Aim of the task -
Omit all images, then repeat exactly the lines below from the one containing "Nichts ist besser" through the one containing "Helsinkiläinen aktiiviharrastaja = henkilö, joka", both ends included.

Data shown -
=====

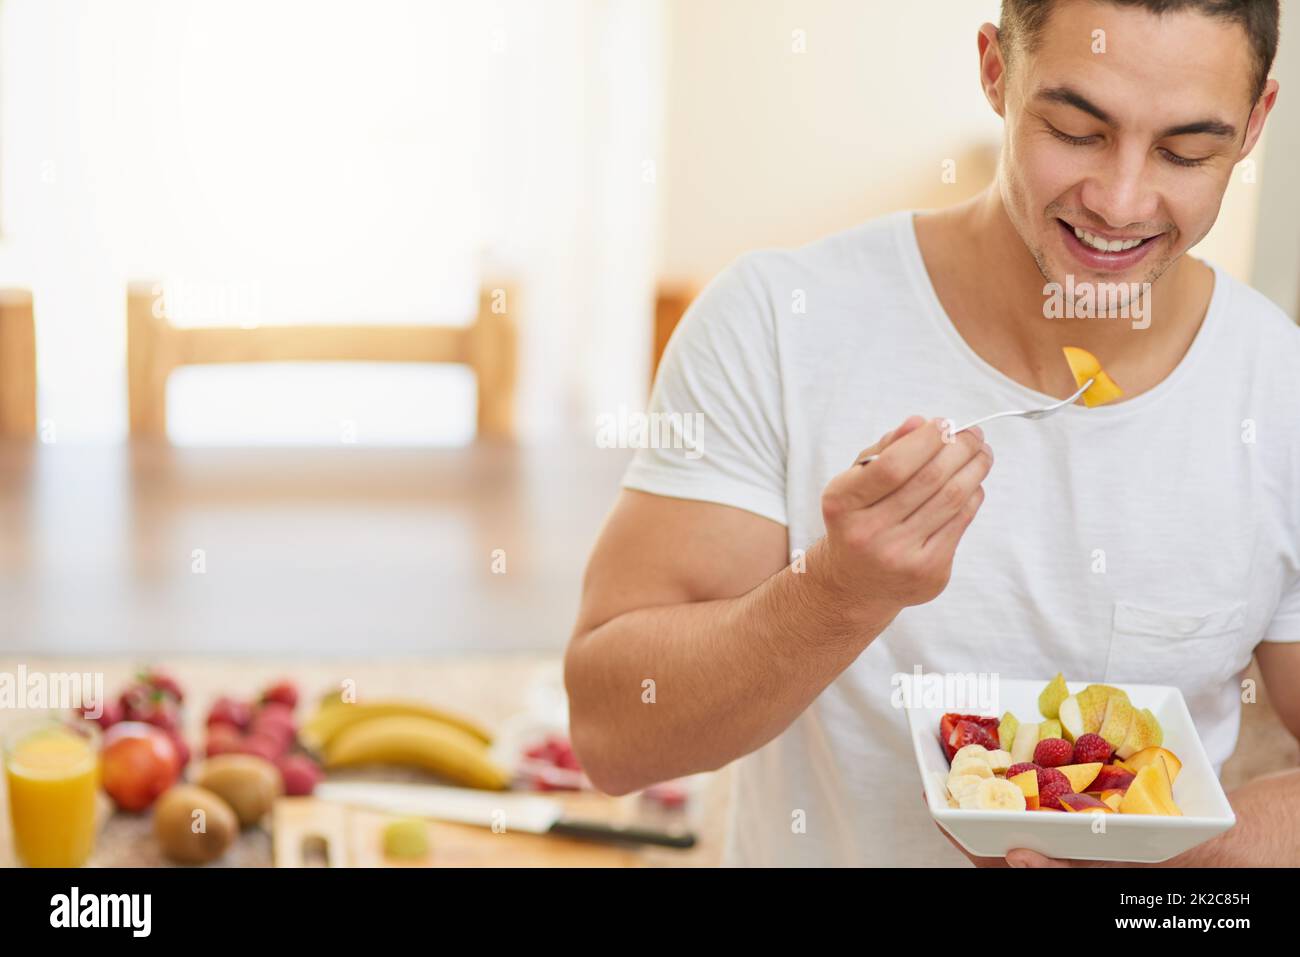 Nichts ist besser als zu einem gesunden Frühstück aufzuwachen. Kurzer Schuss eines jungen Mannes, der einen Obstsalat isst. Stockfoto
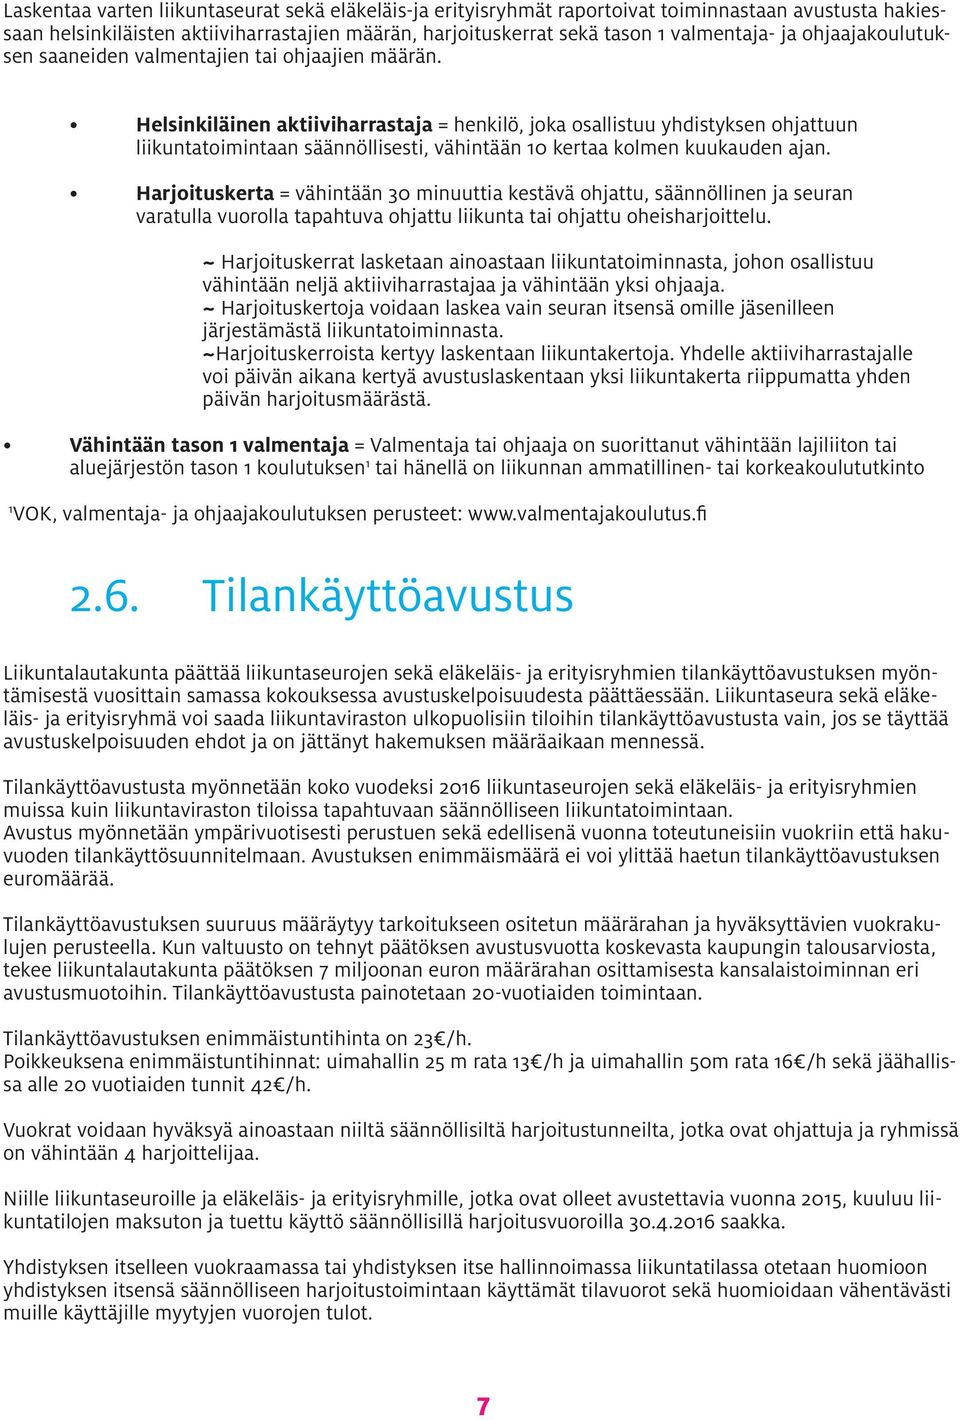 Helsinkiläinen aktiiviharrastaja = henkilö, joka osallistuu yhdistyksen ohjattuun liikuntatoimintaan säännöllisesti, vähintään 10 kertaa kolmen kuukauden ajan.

=====

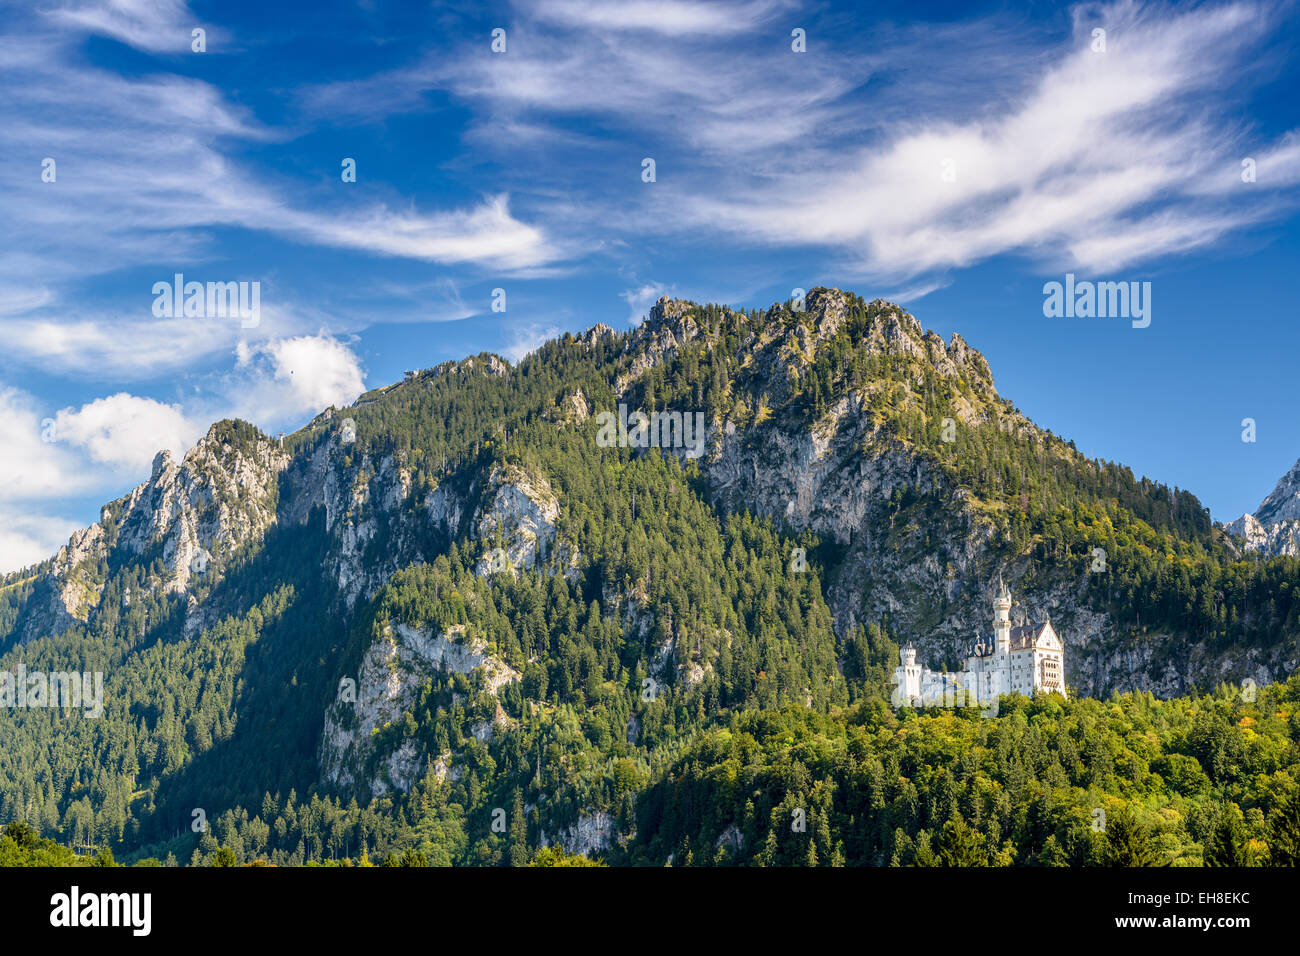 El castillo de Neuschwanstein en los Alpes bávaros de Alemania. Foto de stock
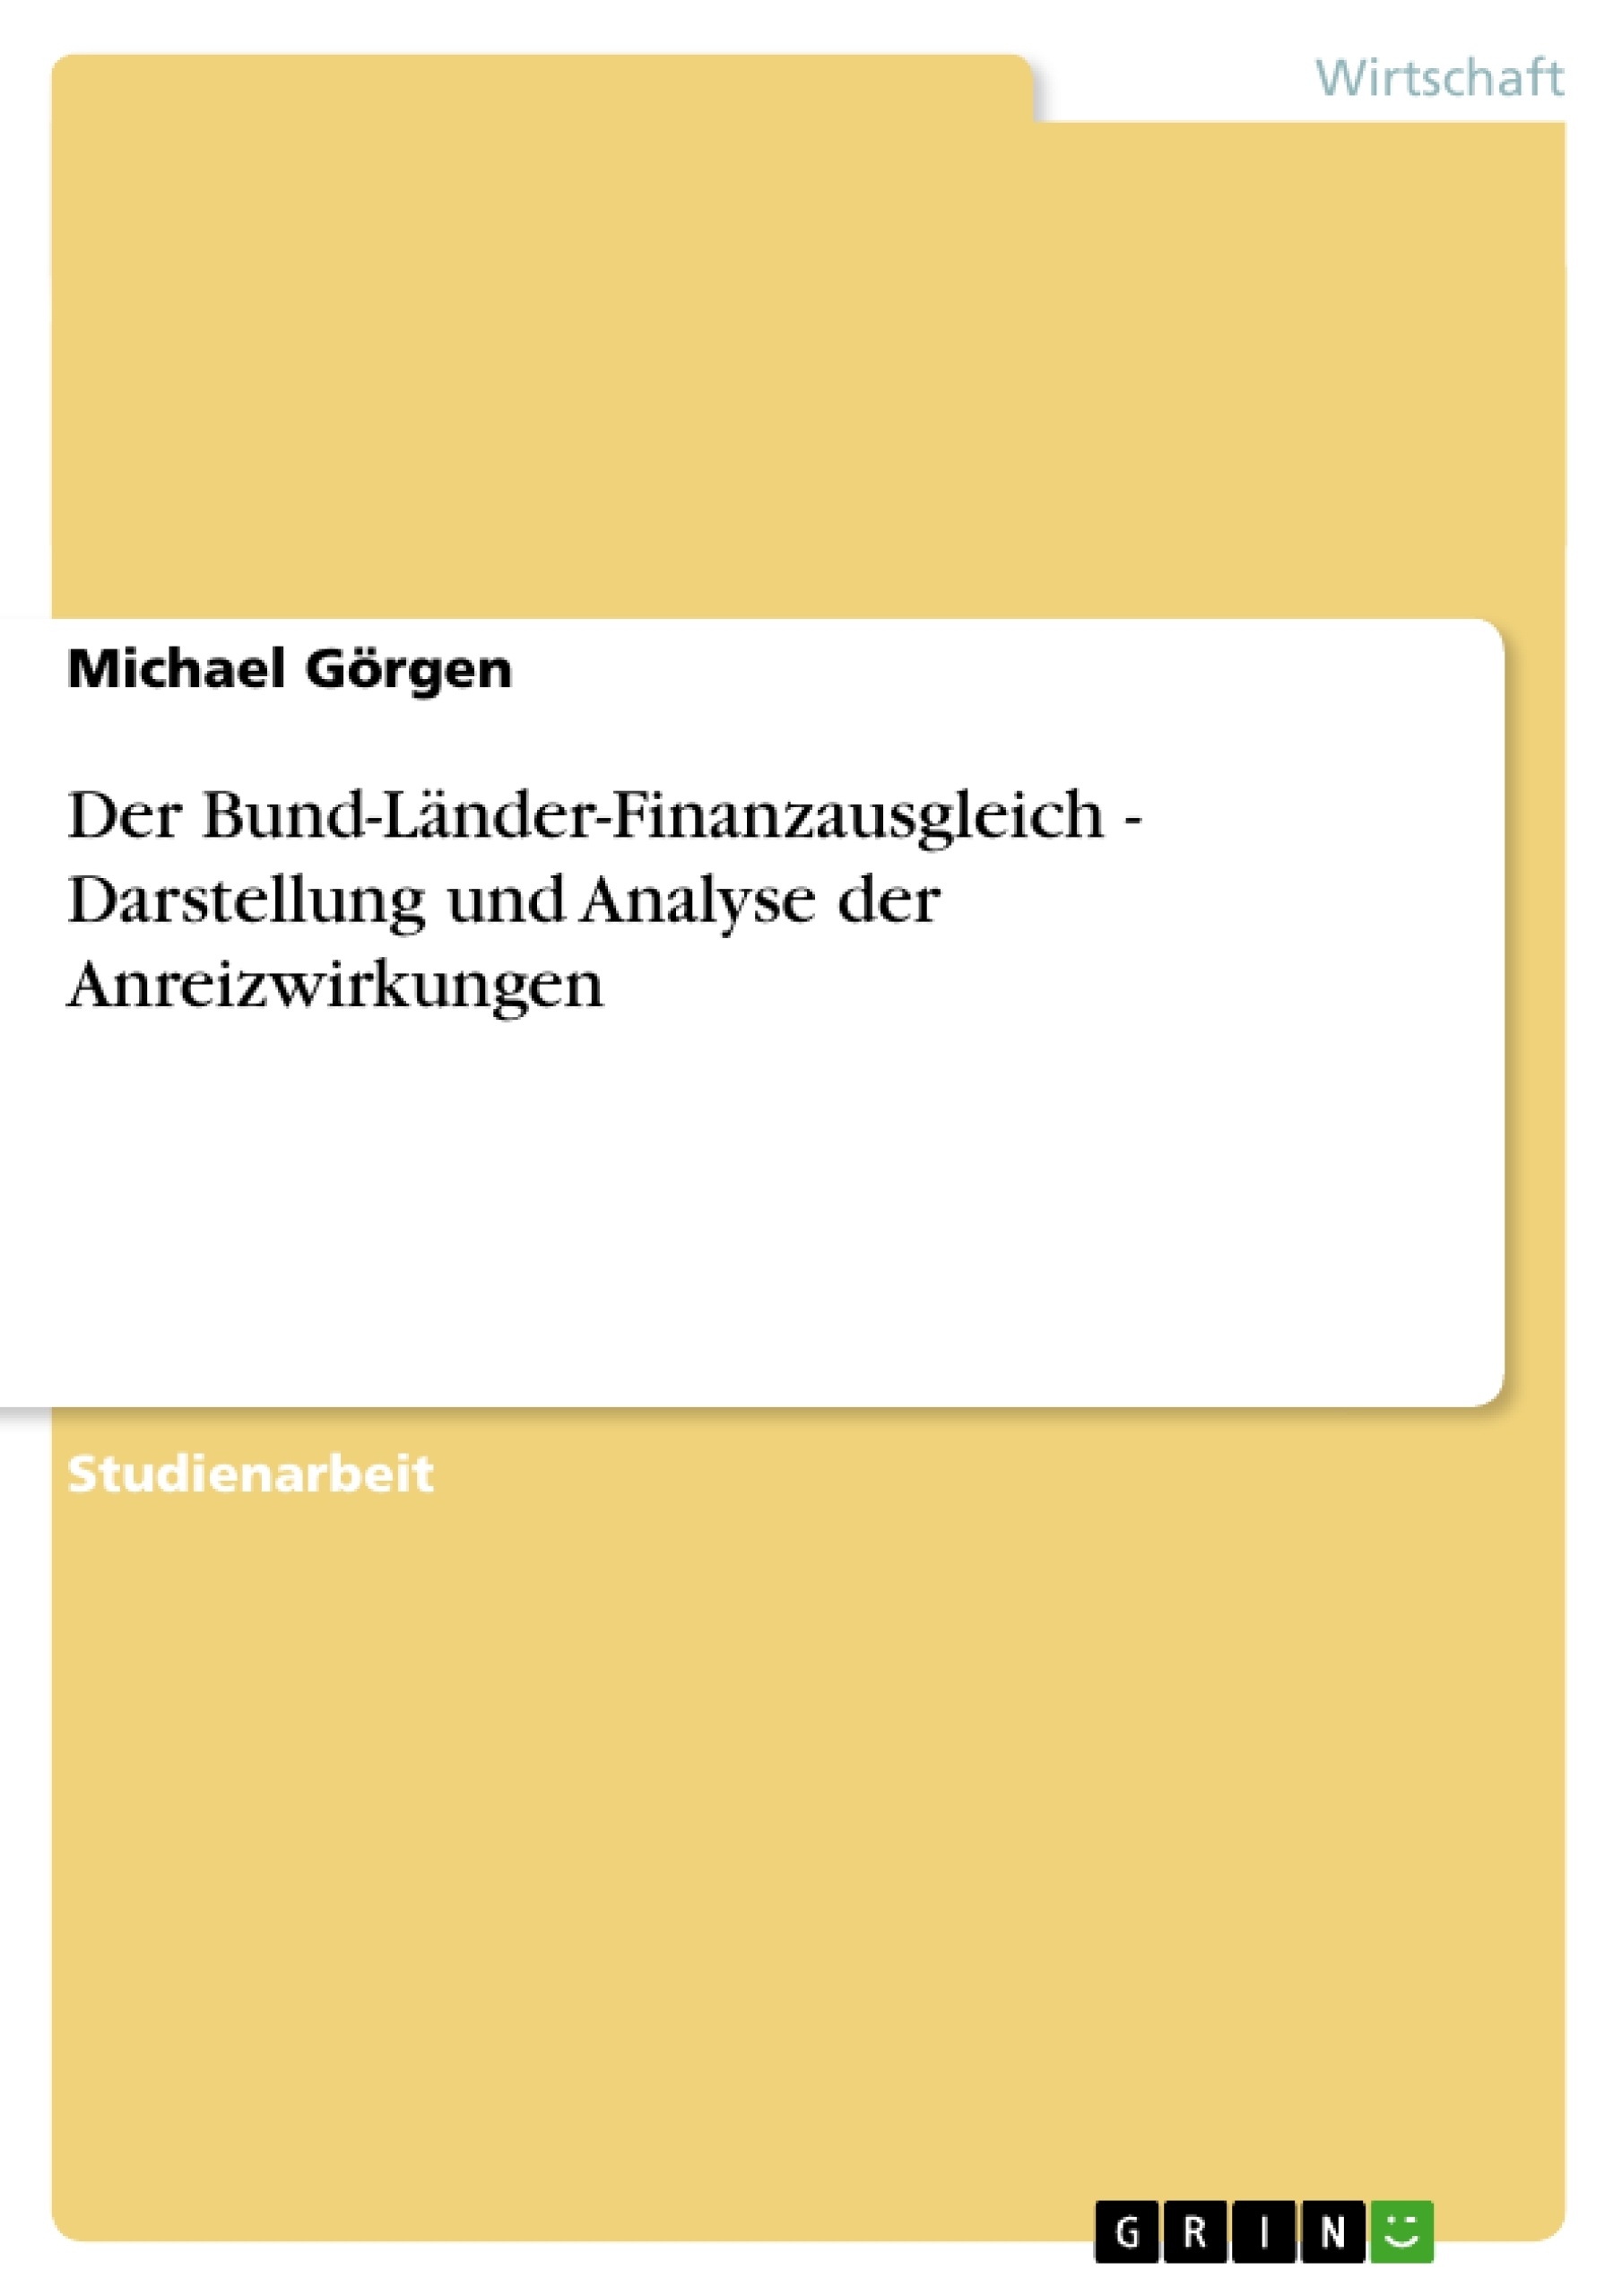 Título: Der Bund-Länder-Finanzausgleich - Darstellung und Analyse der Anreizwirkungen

=====

Written answer -
 Nichts ist besser als zu einem gesunden Frühstück aufzuwachen. Kurzer Schuss eines jungen Mannes, der einen Obstsalat isst. Stockfoto
 Helsinkiläinen aktiiviharrastaja = henkilö, joka osallistuu yhdistyksen ohjattuun liikuntatoimintaan säännöllisesti, vähintään 10 kertaa kolmen kuukauden ajan.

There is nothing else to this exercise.